But many others were only found in the Minneapolis Spokesman, which was the City’s Black newspaper, founded by Cecil E. Newman in August 1934. Thanks to my friend Ellen Lewis, I found about about this paper and accessed it on microfilm at the Minnesota Historical Society. The amazing shows I found there, especially in the 1950s, made me wonder if the white population of Minneapolis even knew about them. The City was pretty well segregated when it came to entertainment, which is why the black community relied on their own dances in places like the Labor Temple and the South Side Auditorium; with some exceptions, they were not generally welcome in the clubs downtown. There are even stories about celebrities like Nat King Cole being turned away. I have no way of knowing whether these dances were mixed or not. If I had been the right age, I would have wanted to be there!

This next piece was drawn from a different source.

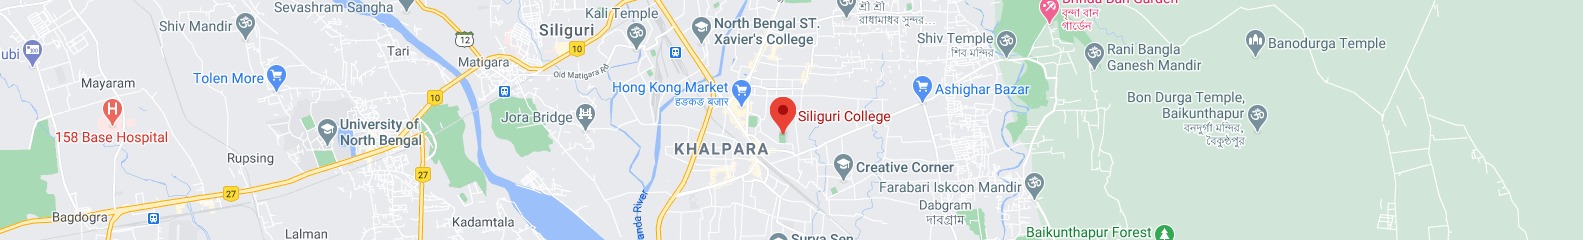 Siliguri College Map

Please note that dance season usually started in late September/early October. Summers were too hot to hold regular dances, throughout the entire life of the building.
The ad below announced the opening dance of the 1927 season. Wonder what the Kloss Novelty Orchestra sounded like?

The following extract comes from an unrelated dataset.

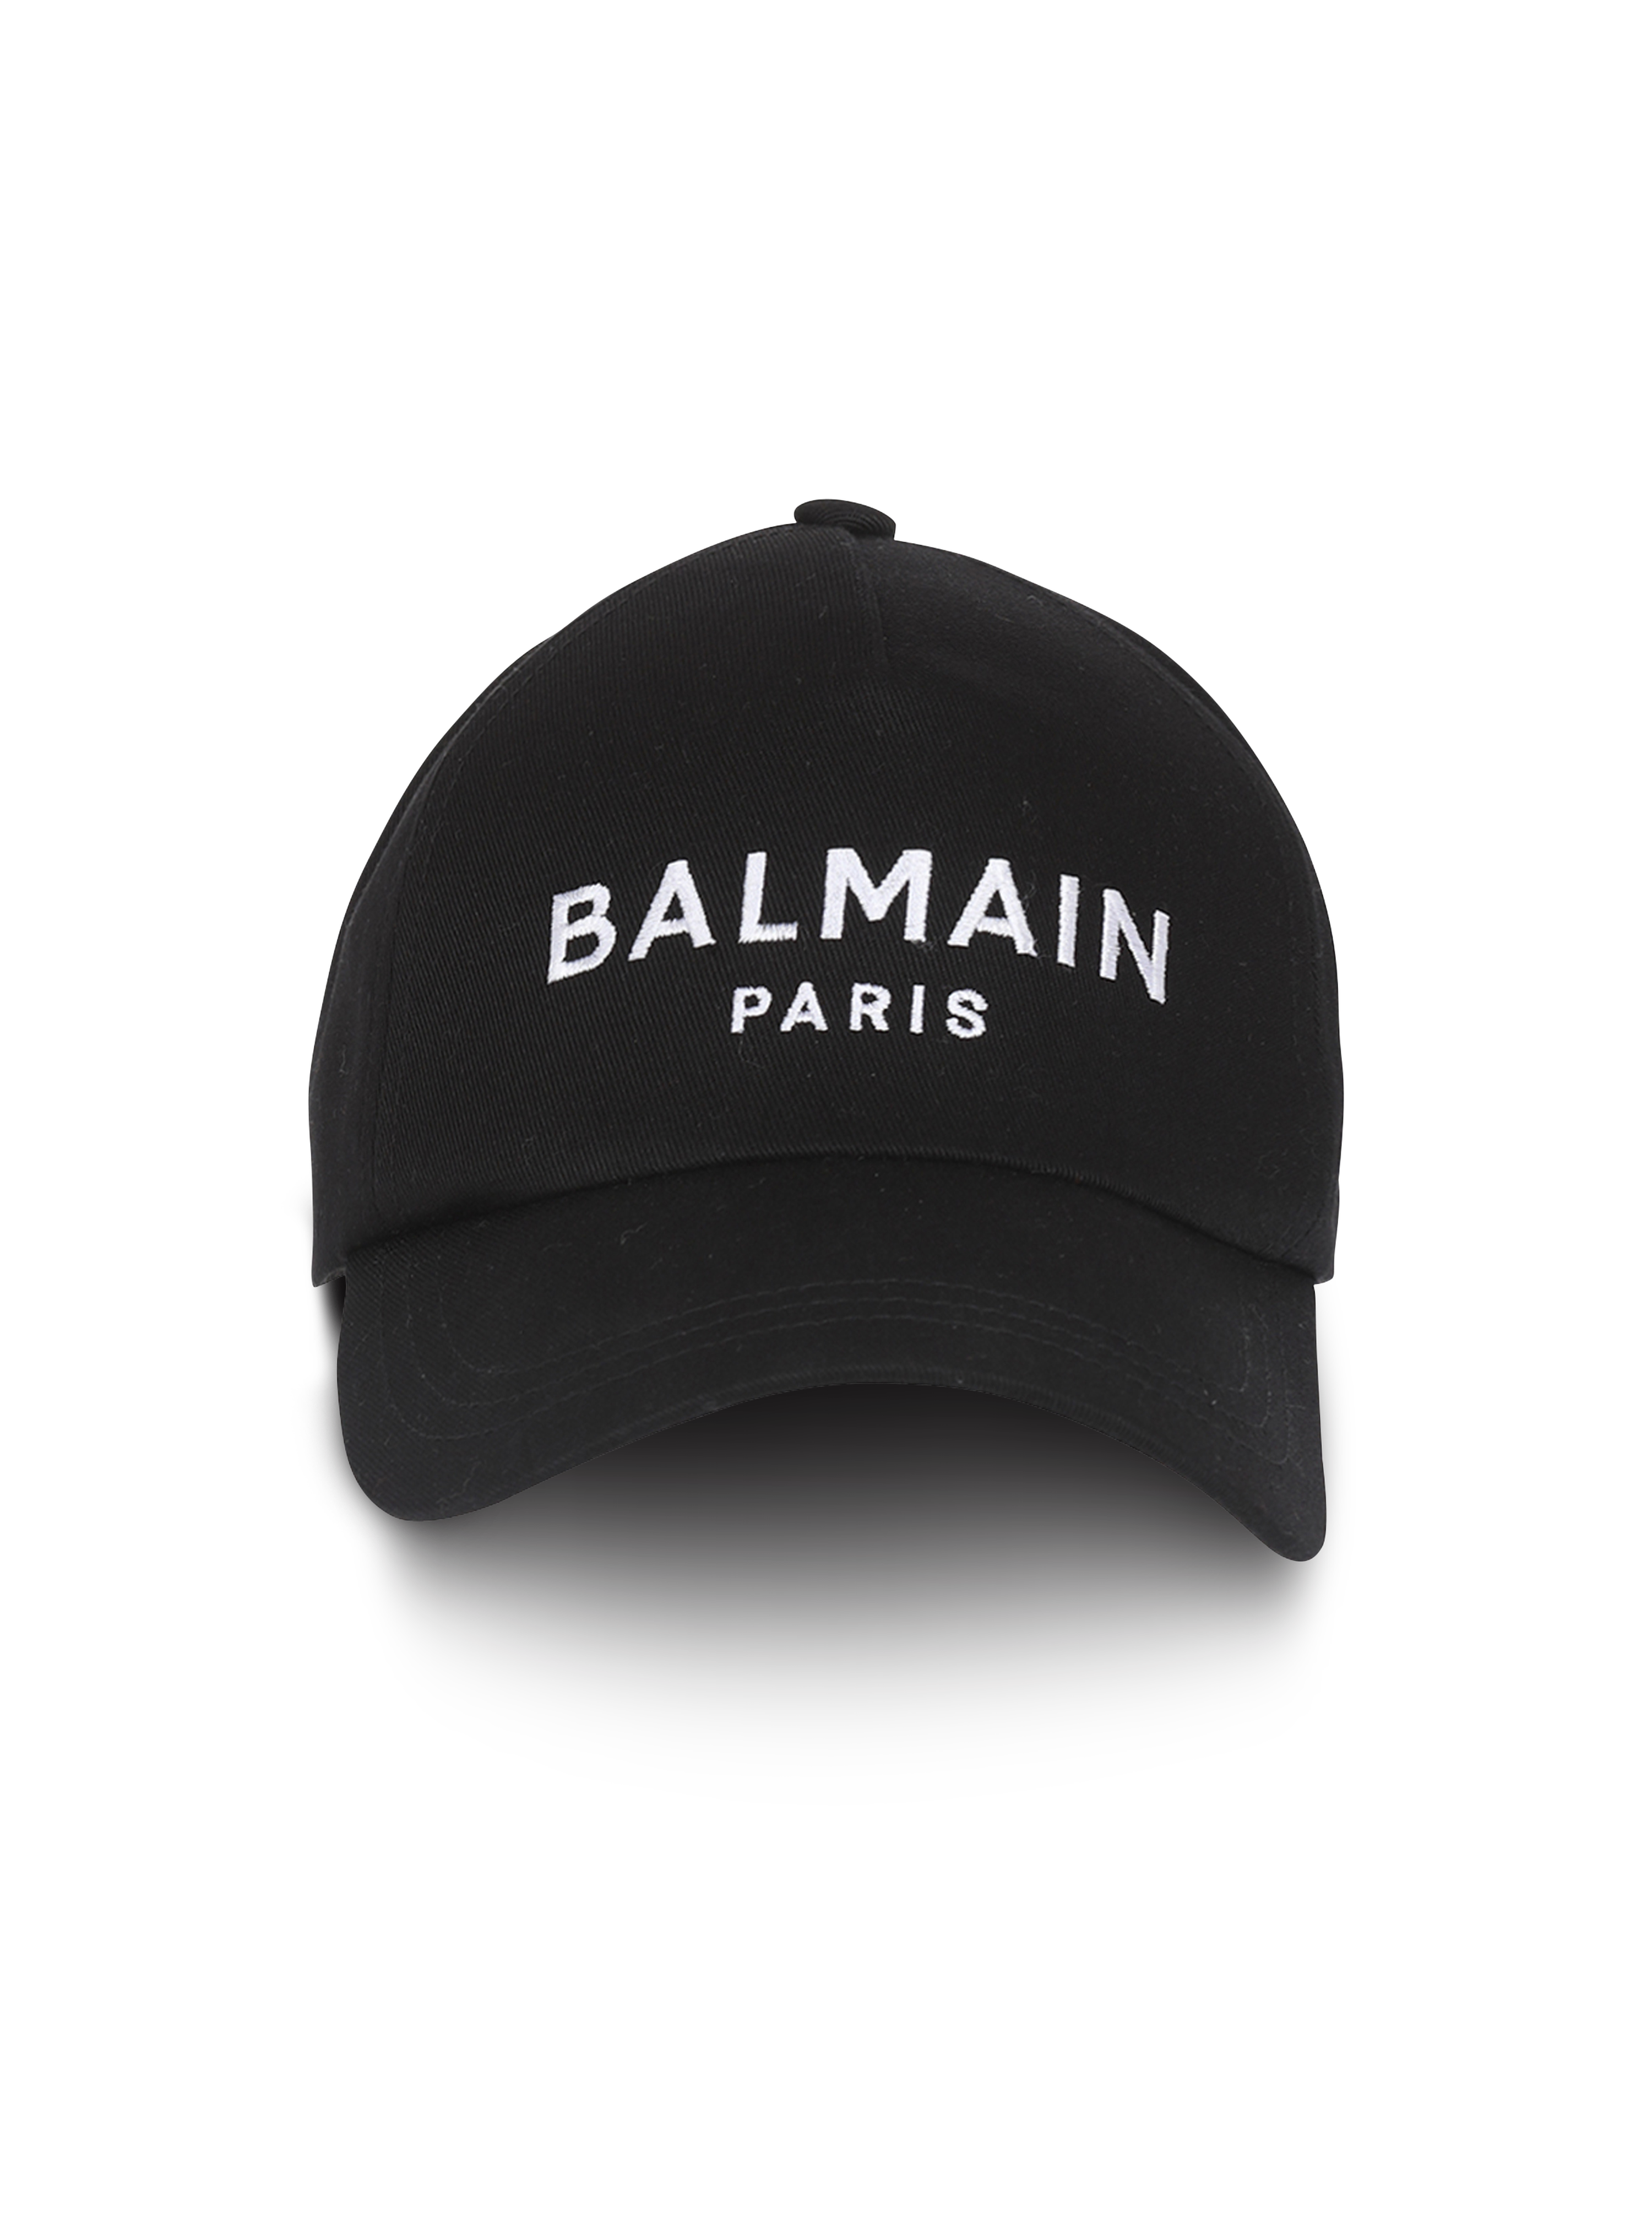 Casquette en coton avec logo Balmain Paris, noir

The ad below, also from 1927, announces dancing at the New Eagles’ Ballroom every Thursday, Saturday, and Sunday. Music was provided by the popular Eli Rice – his orchestra at this gig was called the 11 Dixie Cotton Pickers.

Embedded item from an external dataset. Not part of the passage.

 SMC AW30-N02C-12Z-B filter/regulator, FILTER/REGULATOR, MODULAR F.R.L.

Permit cards show that in 1930 there was an entry for an undertaker’s business on the ground floor.
In 1930 the Ballroom was apparently still considered new. Eli Rice’s band was very popular around town. These dances were broadcast remotely over WDGY radio.
In April 1931, music for dancing was provided by the Eagles Orchestra, broadcast remotely over WDGY radio.
In 1931 and 1932, the Eagles Ballroom features “Old Time Dances” with the legendary Whoopie John on Fridays, and dances with the music of the popular Cec Hurst Orchestra on Saturdays and Sundays.
Before the National Guard Armory was built in Downtown Minneapolis, there was the Kenwood Armory by the Parade grounds. It was a grand building, but built on an unstable foundation, and in 1933 it was condemned by the City. Before the new Armory could be built, the National Guard needed a place to drill, and one of those places was the Eagles Hall.
Even before the Hall was purchased by the labor unions, it was a popular meeting hall and event center for the various unions in the City. The dance below was under the auspices of the Railroad Trainmen.
The Ballroom opened for the 1933-1934 season in October with Old Time dancing with Whoopie John on Fridays and Matt Delong’s Orchestra on Fridays and Saturdays.
On October 31, 1935, Bud Strawn’s Orchestra provided the music for an Old Time Dance, sponsored by the East Side Progressive Club.
The Hall hosted many wrestling matches over the 1936-1937 season.
On January 17, 1937, a 27-year-old young man from St. Paul fell over a third floor banister to his death while exiting a dance.
Waiters’ Union No. 614 sponsored a Cabaret and Breakfast dance on May 21, 1938. Ray Dysart’s orchestra played for the first half of the dance, with Boyd Atkins’ Cotton Club orchestra playing the second half. The Cotton Club band was described in the Spokesman as “one of the top bands in this section of the country,” making its “first appearance at a public dance for several months.”
The first annual National Negro Jitterbug Dance Contest was held at the Eagles Ballroom on February 13 and 14, 1939. Lloyd Hunter’s 14-piece band, featuring an all girl floor show, provided the music. “50 Contestants Will Jitter,” with $100 in cash prizes. (Minneapolis Spokesman, January 20, 1939)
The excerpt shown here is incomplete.